The generated prompts are fed into a Large Language Model (LLM) to evaluate its performance on various tasks.
The output from the LLM is evaluated to assess the model's effectiveness.
If the evaluation requires, the process is iterated with the addition of the LLM's results to refine the prompts further.
Performance charts are generated to visualize the effectiveness of the model based on the given prompts.
The conversations on which the llms were tested can be found in conversations folder. The evaluation results can be found in the following excel sheet. The project was also presented in the class, the presentation can be found here.
GPT4 is the best model for this task, it is able to generate the correct output using proper logic in zero shot prompting itself. Other models try to use some math in zeroshot prompting but fails to get the logic to do the math right. When we add some more information to the prompt but not math, all the models try to replicate that and try to reason without using math and suffer in the math scores but their reasoning does improve a bit. When we add math to the prompt finally in the chain of thought prompting, high parameter models such as GPT3.5 and Vicuna 13B are able to do the math correctly. In case of GPT3.5 the reasoning is good but Vicuna's reasoning is still pretty mediocre. GPT4 is able to do the math correctly and also reason correctly. It is also able to deal with other information such as emergency vehicles, pedestrian traffic, city transit schedules, and busy street events.
- Model Optimization: Considering the size of GPT-4, a smaller model could be fine-tuned and trained to work with a particular prompting method, which may be more practical for traffic scenarios.
- Fine-tuning for Specific Tasks: GPT-3.5 showed improved performance with Chain of Thought prompting; refining this could make it a strong candidate for traffic management applications.
- Focus on Prediction: Removing unnecessary capabilities, such as speech, to focus solely on prediction could reduce the model size and improve efficiency.
- Integration with Actionable Agents: Pairing the model with an agent capable of taking actions could lead to more effective implementations and results.
- Versatility: GPT-4 offers a versatile approach to managing signals, capable of adapting to various scenarios like busy streets and public transit schedules.

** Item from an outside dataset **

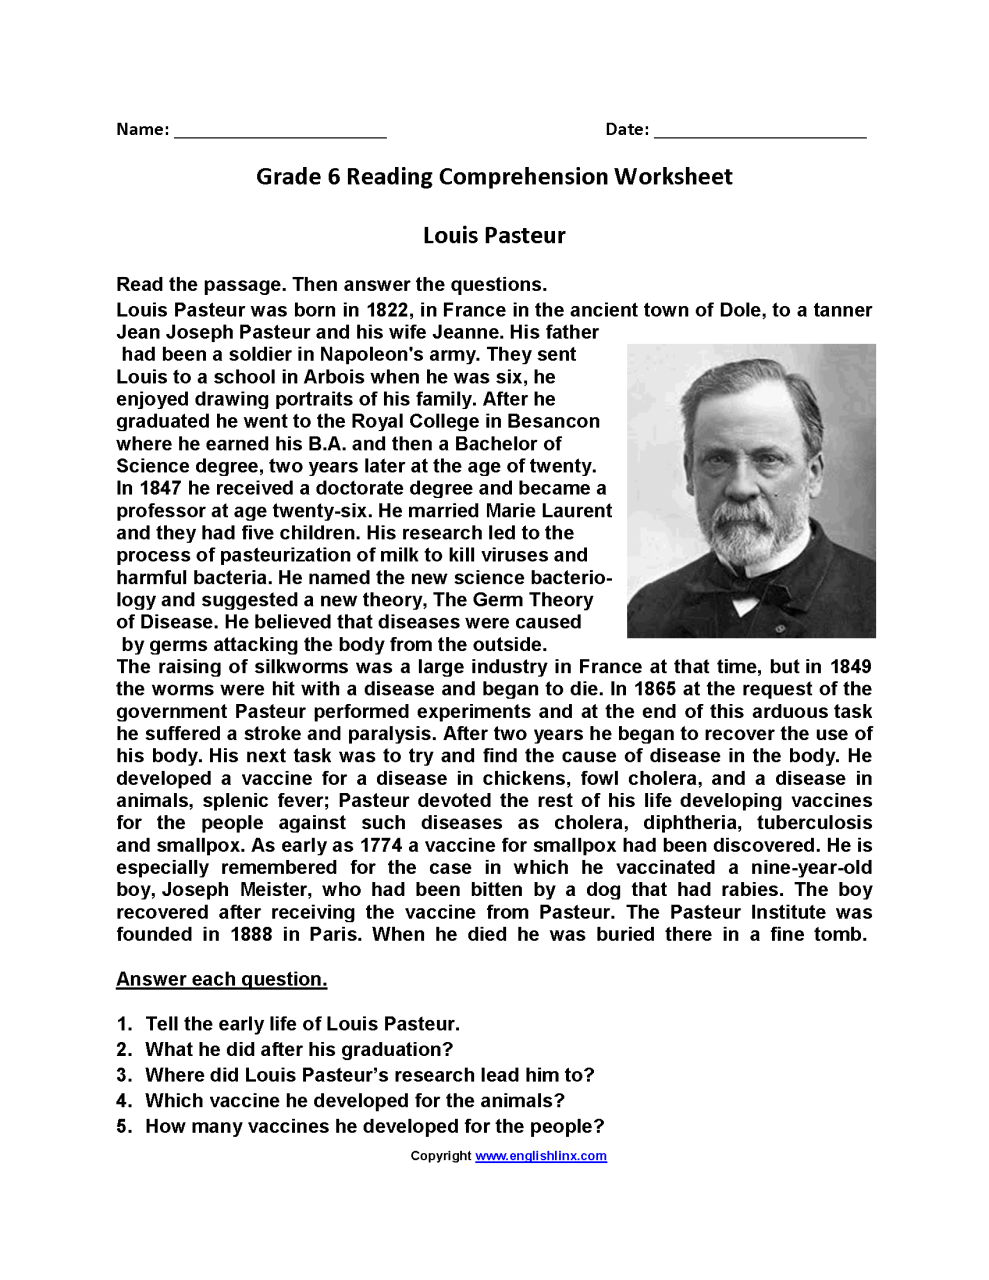 Free Comprehension Worksheets For Grade 6

- Handling Unpredictable Events: It has the potential to handle unpredictable events better than rule-based systems.
- Incorporating New Knowledge: GPT-4 can easily integrate new information and adapt its operations accordingly.
- Unpredictable Outputs: The model's temperature-based predictions can lead to unpredictable output formats.

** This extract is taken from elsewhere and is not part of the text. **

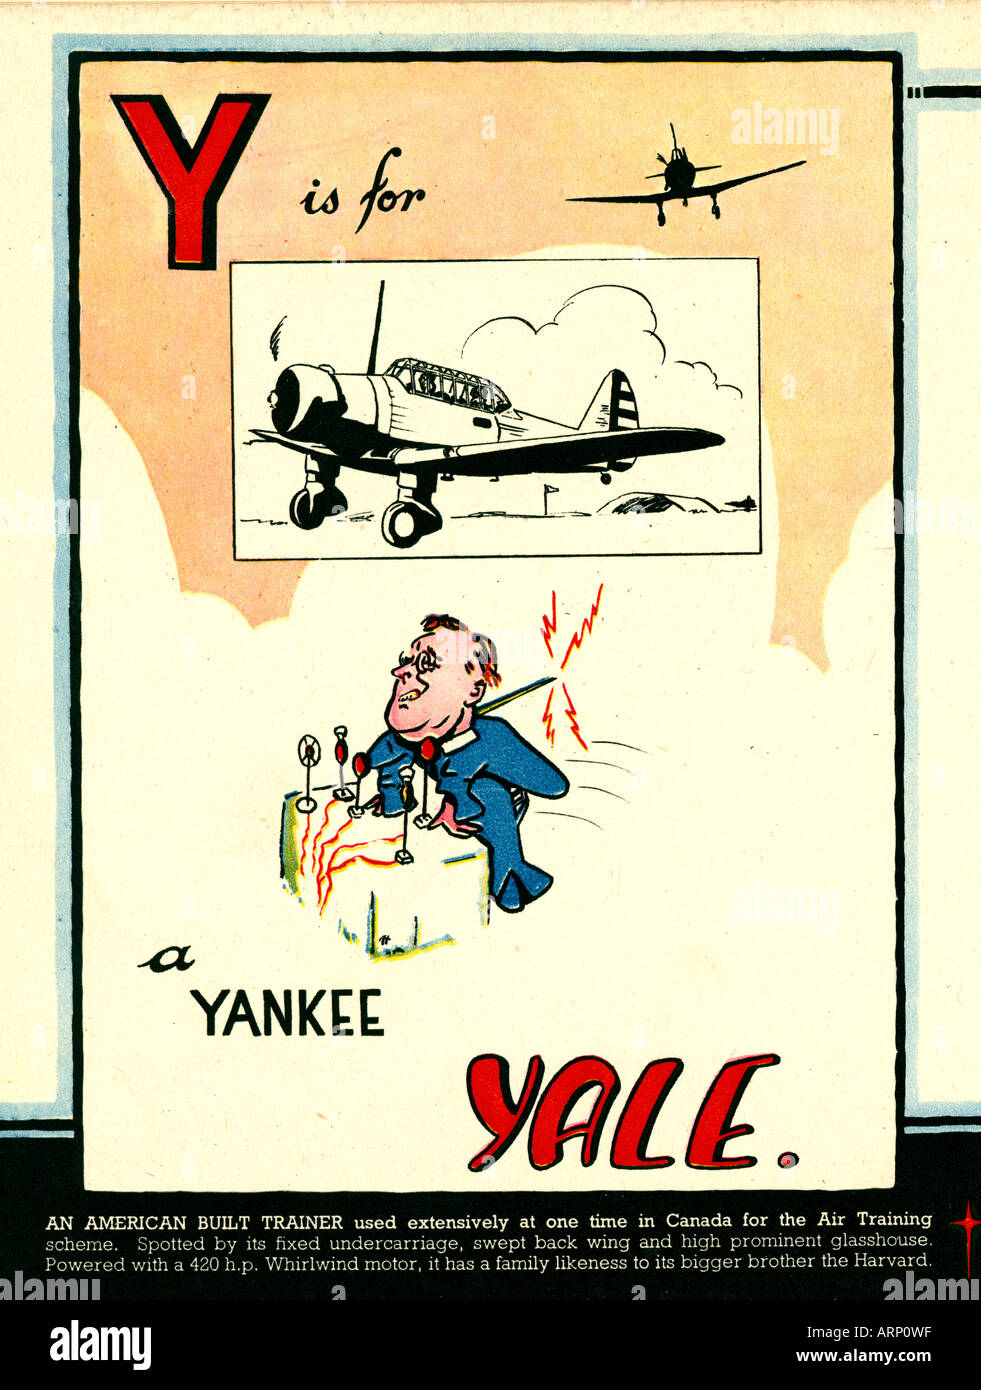 Y ist für Yankee Yale 1943 englische Kriegszeit Alphabet Kinderbuch der kämpfenden Flugzeuge der amerikanischen Trainer als FDR Stockfoto

- Impractical Size: GPT-4 is large, making its use for traffic management at a single intersection impractical with current technology.
GPT-4 was chosen over other models due to its superior performance in versatility, adaptability, and ability to handle complex and unpredictable traffic scenarios. Its advanced natural language understanding allows it to process and integrate new information efficiently, making it suitable for dynamic environments like traffic management. However, its size may necessitate the consideration of smaller, more specialized models for practical deployment.

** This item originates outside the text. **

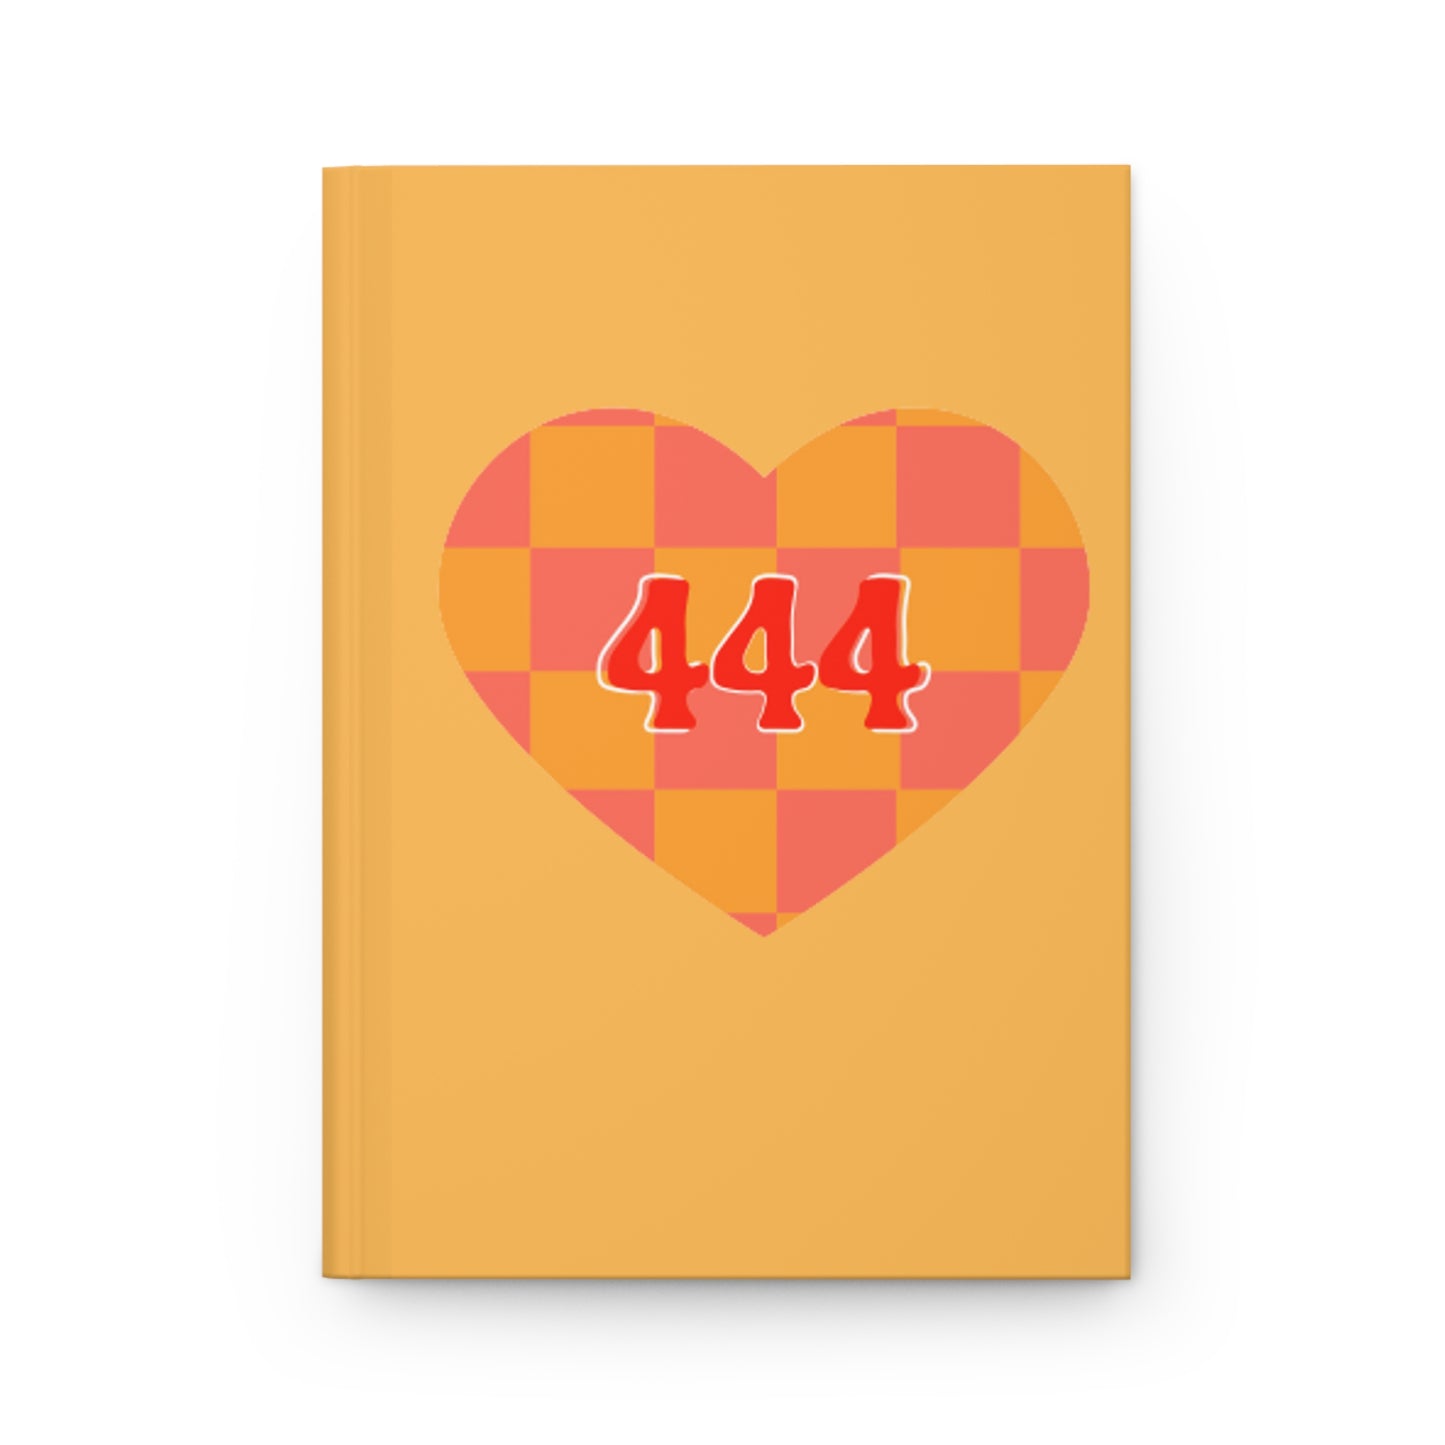 444 Journal

The project demonstrates the potential of Large Language Models in traffic signal control, highlighting their advantages over traditional systems. Future improvements may include optimizing model size, fine-tuning smaller models for specific tasks, and integrating the model with an agent for action-taking.
The project's success with GPT-4 opens avenues for further research and practical application in traffic management and other real-world scenarios where AI can play a transformative role.